# Uncle Ted



## _BuckMaster_ (Apr 23, 2012)

Agrees to Plead Guilty in Illegal Kill!!!!

ANCHORAGE, Alaska (AP) -- Rocker Ted Nugent has agreed to plead guilty to transporting a black bear he illegally killed in 
southeast Alaska.

Nugent made the admission in signing a plea agreement with 
federal prosecutors that was filed Friday in U.S. District Court.

Calls seeking comment from Nugent, his Anchorage attorney, Wayne Anthony Ross, and assistant U.S. Attorney Jack Schmidt were not immediately returned.

The plea agreement says Nugent illegally shot and killed the 
bear in May 2009 on Sukkwan Island days after wounding a bear in a bow hunt, which counted toward a state seasonal limit of one bear.

According to the agreement, the hunt was filmed for his Outdoor Channel television show "Spirit of the Wild."

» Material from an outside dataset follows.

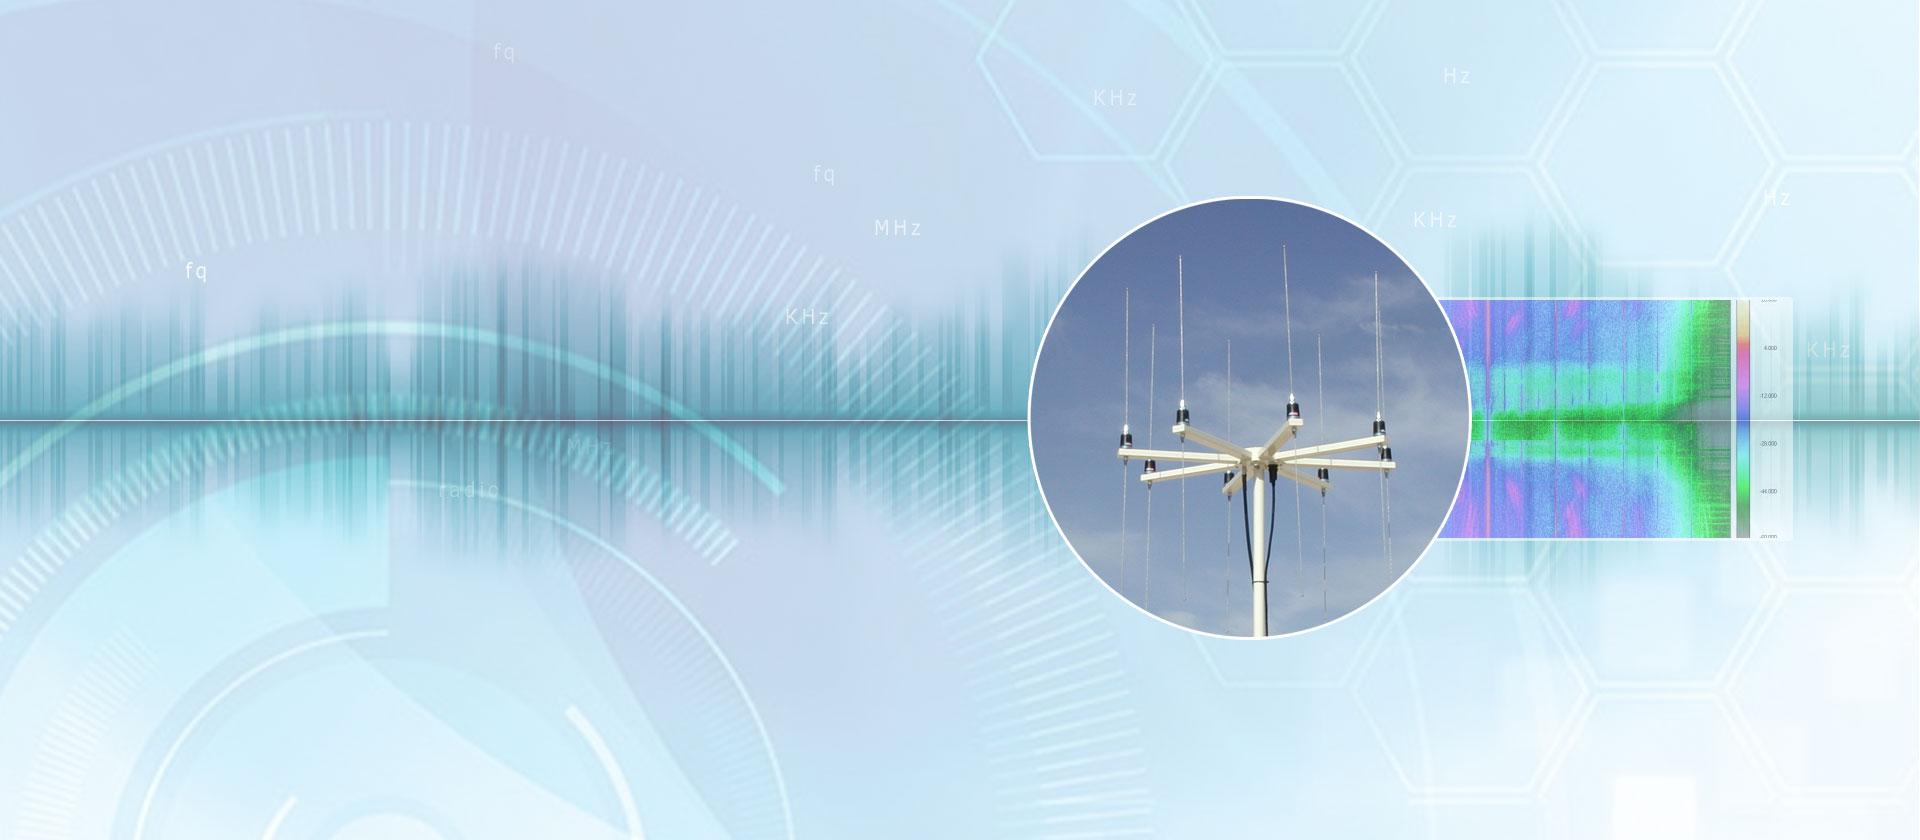 Radio Monitoring and Signal Analysis

The document says Nugent knowingly possessed and transported the bear in misdemeanor violation of the Lacey Act.


----------



## Marlin_444 (Apr 23, 2012)

We all make stupid decisions...  I know I have... 

Rock on Ted!!!

*V*


----------



## blood on the ground (Apr 23, 2012)

Marlin_444 said:


> We all make stupid decisions...  I know I have...
> 
> Rock on Ted!!!
> 
> *V*



X2 teds the man!


----------



## Mechanicaldawg (Apr 23, 2012)

Yea! He's "the man" all right! Just another simple "mistake"?

It seems that he should hire a better attorney to explain game laws to him before he films his illegal activity and runs them on TV.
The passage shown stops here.